MATERIAL PROVIDED:
==*==
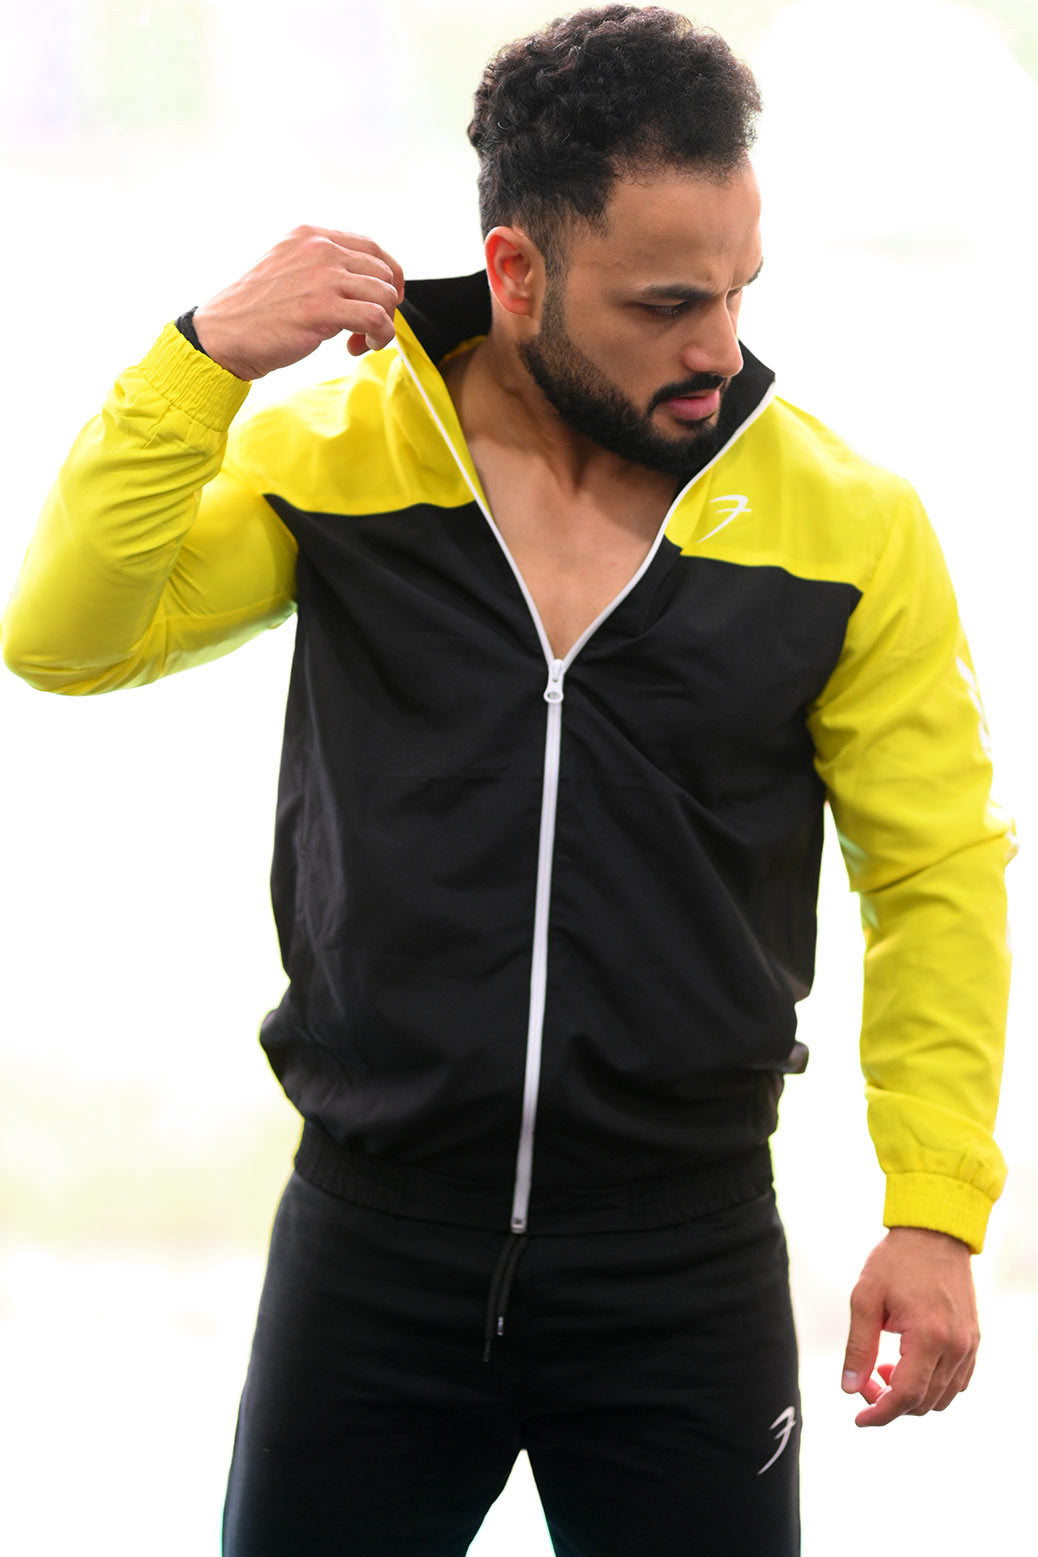 Trainer Jacket Neon Yellow
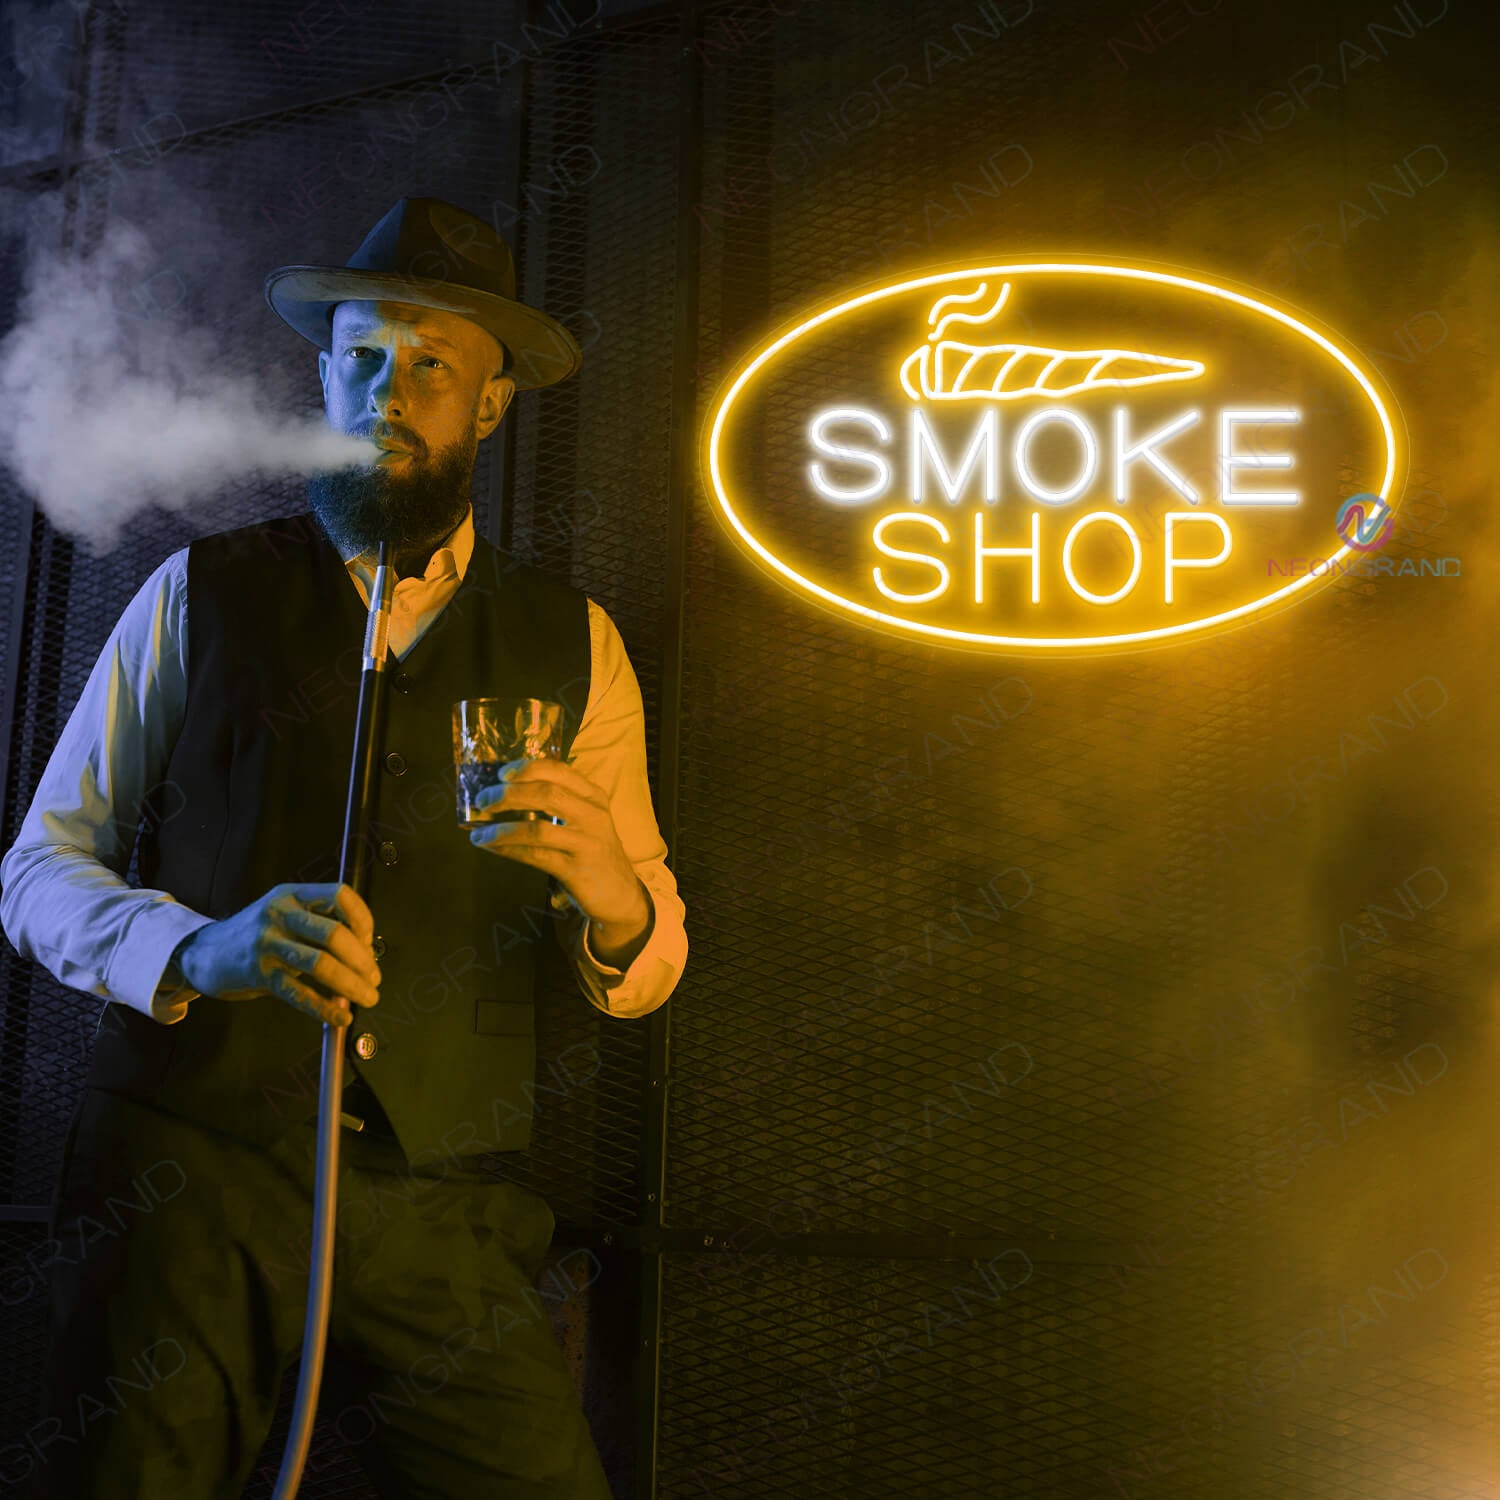 Smoke Shop Neon Sign Smoking Led Light
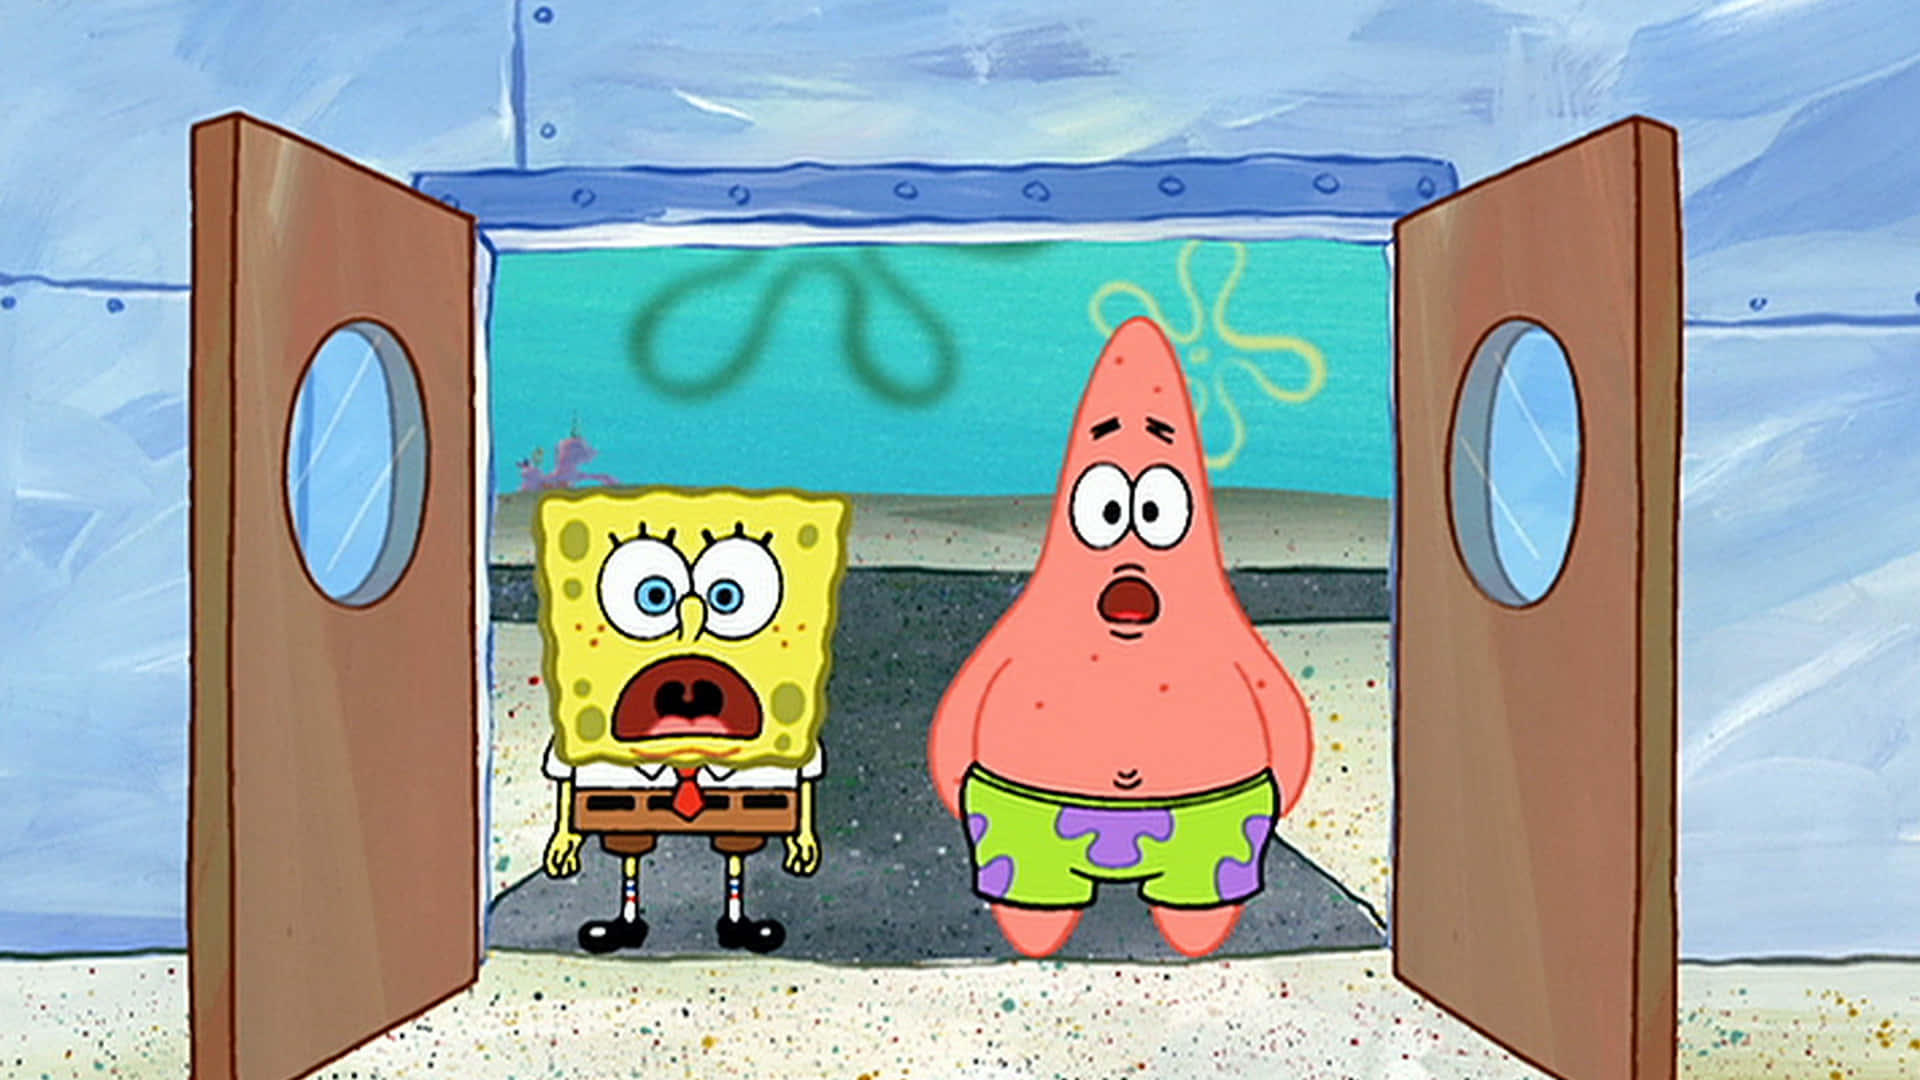 spongebob shocked
==*==
PROBLEM REQUIREMENTS:
From the first line to the last, retype the data exactly, without images.

EXERCISE ANSWER:
 Trainer Jacket Neon Yellow
 Smoke Shop Neon Sign Smoking Led Light
 spongebob shocked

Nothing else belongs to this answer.